§ **Task prompt**: Two lines in the listing below mark the span: one contains "बेटी के लिए" and one contains "Robe Longue Ba Sh 36 S T1 Bleu 7906598". Reproduce both of them and everything between, exactly.

§ **Information provided**:
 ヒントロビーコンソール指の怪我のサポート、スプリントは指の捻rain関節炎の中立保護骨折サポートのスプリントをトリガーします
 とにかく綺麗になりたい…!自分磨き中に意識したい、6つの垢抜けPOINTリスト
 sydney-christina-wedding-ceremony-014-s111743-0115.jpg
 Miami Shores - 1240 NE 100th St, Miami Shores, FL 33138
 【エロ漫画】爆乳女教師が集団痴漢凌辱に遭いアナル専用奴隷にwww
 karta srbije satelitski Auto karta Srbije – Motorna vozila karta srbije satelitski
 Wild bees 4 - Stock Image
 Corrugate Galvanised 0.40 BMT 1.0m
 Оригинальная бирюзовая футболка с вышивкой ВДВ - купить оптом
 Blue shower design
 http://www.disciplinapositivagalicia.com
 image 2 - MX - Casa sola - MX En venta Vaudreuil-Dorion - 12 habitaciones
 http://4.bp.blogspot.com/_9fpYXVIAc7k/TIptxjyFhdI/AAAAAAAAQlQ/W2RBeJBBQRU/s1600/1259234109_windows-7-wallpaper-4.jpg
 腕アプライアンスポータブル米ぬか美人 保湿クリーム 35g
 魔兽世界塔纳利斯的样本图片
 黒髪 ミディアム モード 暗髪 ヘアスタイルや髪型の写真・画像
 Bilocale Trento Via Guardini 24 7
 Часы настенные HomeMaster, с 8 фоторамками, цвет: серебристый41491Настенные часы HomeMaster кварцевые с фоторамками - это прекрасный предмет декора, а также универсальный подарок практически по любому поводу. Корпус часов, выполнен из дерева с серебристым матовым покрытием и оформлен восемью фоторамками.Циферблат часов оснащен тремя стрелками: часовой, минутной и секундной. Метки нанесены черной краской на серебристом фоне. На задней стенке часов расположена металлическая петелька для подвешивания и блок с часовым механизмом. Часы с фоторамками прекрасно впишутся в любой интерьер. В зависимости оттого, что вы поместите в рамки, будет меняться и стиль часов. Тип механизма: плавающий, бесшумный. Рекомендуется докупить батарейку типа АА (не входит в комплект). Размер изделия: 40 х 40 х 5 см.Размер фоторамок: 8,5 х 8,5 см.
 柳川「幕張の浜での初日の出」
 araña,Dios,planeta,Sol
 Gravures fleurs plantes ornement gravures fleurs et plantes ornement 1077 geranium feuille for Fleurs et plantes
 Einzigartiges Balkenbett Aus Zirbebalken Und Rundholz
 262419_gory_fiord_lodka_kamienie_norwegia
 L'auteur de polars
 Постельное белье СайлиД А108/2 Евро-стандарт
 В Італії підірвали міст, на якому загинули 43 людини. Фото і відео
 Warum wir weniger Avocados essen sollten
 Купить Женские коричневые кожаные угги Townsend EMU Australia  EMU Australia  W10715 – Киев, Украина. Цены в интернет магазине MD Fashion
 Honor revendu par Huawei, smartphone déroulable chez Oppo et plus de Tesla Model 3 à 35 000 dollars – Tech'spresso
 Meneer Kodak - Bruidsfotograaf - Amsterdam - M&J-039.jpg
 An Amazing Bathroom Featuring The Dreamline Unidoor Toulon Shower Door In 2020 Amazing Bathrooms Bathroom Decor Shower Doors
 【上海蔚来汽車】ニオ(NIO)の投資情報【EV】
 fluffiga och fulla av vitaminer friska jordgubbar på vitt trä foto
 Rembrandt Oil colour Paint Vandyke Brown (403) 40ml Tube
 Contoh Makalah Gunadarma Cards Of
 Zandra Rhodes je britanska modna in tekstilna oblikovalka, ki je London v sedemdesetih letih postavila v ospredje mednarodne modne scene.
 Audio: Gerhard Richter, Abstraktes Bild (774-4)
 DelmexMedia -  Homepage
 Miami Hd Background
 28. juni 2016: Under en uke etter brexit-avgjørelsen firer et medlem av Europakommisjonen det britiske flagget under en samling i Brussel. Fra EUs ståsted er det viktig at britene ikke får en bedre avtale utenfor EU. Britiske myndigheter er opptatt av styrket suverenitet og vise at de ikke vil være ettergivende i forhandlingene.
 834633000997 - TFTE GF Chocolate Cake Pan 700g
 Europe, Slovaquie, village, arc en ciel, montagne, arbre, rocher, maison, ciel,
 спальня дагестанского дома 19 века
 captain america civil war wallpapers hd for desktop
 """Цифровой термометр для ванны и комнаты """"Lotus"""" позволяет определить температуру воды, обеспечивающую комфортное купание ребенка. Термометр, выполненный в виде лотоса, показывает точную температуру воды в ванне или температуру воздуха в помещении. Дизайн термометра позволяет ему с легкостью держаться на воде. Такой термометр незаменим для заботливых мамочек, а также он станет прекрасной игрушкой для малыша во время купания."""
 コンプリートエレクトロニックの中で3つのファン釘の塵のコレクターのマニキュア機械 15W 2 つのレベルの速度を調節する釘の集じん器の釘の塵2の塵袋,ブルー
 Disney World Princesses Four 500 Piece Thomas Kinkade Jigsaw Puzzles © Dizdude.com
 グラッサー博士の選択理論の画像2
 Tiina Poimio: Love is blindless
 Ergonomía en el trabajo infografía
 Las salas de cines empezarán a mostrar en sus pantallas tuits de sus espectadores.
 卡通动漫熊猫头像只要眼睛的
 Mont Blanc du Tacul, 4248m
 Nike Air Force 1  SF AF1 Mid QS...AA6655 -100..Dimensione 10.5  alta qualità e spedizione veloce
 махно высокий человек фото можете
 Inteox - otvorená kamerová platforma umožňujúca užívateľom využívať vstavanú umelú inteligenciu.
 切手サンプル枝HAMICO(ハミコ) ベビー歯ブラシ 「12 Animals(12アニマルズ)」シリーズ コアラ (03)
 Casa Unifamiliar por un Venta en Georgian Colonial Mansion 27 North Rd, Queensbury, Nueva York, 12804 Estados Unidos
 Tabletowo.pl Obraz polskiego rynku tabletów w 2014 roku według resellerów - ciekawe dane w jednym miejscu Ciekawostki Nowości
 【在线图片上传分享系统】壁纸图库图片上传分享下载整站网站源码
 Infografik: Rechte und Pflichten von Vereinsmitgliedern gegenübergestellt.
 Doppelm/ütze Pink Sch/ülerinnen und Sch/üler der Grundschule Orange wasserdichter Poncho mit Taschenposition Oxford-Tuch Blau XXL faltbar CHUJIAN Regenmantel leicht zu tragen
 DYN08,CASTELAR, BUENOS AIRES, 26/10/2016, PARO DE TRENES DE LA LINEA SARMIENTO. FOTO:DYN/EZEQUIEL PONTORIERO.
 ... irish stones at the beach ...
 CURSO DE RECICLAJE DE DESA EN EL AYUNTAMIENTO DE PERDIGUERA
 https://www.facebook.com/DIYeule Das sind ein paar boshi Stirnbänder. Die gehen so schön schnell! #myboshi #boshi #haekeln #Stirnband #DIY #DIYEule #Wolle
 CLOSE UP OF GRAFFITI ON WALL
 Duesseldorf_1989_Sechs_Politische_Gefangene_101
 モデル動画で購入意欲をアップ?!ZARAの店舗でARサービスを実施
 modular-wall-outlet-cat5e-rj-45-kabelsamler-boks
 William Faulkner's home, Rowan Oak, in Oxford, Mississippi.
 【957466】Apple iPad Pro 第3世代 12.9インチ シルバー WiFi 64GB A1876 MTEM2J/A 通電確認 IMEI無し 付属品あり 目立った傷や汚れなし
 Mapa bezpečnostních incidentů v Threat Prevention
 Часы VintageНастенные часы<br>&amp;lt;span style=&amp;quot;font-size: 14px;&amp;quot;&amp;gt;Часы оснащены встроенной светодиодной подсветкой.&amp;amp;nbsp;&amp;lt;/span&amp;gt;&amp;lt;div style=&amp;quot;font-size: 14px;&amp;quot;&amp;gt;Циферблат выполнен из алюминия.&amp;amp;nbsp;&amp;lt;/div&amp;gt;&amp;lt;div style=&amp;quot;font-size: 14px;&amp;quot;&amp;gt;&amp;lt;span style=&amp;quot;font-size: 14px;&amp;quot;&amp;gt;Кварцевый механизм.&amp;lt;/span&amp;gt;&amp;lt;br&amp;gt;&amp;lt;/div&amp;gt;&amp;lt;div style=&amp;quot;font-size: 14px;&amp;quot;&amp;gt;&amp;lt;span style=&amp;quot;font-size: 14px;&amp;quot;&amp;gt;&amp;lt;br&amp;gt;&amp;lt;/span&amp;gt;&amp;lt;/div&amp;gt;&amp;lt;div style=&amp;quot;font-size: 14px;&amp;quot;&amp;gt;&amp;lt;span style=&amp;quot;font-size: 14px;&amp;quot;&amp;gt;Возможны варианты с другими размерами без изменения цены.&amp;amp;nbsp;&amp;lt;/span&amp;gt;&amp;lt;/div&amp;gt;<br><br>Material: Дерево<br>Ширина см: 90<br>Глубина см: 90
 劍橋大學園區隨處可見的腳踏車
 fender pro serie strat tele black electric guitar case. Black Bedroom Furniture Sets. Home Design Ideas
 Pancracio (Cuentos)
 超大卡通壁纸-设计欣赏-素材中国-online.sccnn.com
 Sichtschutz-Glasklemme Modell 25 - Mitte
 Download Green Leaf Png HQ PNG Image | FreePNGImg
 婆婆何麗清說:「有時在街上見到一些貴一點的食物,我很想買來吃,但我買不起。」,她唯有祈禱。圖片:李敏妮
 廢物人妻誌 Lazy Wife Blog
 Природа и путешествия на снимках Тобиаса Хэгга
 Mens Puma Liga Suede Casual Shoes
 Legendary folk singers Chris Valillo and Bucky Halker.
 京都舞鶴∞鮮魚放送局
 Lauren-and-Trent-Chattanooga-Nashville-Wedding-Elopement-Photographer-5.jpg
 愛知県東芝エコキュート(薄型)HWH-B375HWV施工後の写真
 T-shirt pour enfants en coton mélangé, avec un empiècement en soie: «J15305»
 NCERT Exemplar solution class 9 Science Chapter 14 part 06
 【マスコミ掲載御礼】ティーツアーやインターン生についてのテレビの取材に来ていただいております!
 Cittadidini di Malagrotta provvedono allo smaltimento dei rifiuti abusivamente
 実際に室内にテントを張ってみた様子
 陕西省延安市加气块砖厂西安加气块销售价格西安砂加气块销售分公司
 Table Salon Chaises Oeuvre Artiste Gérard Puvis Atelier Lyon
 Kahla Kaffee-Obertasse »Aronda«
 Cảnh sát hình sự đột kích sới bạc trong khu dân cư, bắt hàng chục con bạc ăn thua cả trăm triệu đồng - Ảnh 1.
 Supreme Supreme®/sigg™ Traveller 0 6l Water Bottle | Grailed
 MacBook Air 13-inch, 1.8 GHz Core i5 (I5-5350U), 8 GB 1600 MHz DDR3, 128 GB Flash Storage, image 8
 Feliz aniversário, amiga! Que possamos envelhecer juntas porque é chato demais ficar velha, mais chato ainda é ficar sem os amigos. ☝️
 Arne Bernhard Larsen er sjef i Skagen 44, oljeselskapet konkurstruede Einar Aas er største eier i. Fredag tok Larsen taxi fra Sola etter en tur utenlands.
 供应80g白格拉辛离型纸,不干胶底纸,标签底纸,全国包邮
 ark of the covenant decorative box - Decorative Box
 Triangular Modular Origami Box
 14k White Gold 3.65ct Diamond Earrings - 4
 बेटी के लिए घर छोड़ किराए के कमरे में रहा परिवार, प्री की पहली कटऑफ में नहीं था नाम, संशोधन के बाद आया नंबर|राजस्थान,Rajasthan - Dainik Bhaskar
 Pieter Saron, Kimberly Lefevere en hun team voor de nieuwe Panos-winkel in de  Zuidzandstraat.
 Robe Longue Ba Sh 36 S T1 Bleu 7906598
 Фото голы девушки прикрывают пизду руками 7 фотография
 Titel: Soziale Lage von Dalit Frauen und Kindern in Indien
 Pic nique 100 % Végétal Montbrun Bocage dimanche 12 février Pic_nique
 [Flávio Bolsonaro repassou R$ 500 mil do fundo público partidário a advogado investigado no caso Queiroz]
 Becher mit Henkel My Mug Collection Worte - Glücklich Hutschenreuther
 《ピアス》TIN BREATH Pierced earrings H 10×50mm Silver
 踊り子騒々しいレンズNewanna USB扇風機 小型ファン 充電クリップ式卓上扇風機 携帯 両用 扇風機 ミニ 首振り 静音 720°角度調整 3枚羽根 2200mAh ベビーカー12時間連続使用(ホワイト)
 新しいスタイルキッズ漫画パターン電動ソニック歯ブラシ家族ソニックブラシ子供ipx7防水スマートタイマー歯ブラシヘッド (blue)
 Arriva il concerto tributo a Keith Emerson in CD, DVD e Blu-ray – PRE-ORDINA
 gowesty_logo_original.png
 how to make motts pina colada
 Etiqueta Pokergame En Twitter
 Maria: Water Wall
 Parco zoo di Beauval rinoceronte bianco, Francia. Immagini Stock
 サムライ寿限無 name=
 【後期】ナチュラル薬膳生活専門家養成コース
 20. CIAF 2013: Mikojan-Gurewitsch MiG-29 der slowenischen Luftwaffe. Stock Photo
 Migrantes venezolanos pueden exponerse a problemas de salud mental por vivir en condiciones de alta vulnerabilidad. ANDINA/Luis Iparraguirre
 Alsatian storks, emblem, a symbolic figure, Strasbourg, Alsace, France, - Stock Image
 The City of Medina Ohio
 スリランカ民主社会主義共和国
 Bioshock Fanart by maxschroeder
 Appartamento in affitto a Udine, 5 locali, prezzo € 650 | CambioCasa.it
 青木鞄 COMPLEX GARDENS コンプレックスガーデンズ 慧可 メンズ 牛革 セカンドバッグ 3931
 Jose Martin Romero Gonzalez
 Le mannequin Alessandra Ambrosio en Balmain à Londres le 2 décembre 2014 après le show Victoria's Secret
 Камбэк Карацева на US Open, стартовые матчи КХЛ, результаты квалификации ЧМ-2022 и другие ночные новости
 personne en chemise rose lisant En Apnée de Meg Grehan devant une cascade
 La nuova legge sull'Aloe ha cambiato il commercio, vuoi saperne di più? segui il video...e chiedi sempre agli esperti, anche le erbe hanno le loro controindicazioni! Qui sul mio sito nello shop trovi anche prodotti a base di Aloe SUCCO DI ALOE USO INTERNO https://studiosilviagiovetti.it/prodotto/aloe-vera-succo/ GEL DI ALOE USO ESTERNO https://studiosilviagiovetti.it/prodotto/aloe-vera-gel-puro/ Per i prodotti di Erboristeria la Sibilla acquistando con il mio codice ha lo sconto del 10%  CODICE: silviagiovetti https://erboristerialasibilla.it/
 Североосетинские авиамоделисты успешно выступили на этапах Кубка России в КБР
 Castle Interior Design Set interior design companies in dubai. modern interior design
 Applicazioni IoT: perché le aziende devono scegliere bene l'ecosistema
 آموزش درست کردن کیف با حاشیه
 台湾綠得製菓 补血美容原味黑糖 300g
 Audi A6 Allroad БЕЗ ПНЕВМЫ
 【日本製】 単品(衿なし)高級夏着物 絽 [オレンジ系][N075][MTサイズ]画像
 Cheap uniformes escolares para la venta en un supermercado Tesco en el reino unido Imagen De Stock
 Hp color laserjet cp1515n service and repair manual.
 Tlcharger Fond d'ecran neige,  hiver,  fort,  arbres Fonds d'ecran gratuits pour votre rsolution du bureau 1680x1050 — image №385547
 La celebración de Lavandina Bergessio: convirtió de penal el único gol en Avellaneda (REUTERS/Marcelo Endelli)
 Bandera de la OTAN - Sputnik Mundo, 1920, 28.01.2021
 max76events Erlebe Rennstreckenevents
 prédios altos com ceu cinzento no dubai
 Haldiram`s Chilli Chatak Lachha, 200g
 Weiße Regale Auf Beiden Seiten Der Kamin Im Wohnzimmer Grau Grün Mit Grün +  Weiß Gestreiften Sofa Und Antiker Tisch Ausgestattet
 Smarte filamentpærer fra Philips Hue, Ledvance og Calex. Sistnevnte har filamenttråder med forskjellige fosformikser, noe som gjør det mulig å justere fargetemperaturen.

§ **Answer to this exercise**:
 बेटी के लिए घर छोड़ किराए के कमरे में रहा परिवार, प्री की पहली कटऑफ में नहीं था नाम, संशोधन के बाद आया नंबर|राजस्थान,Rajasthan - Dainik Bhaskar
 Pieter Saron, Kimberly Lefevere en hun team voor de nieuwe Panos-winkel in de  Zuidzandstraat.
 Robe Longue Ba Sh 36 S T1 Bleu 7906598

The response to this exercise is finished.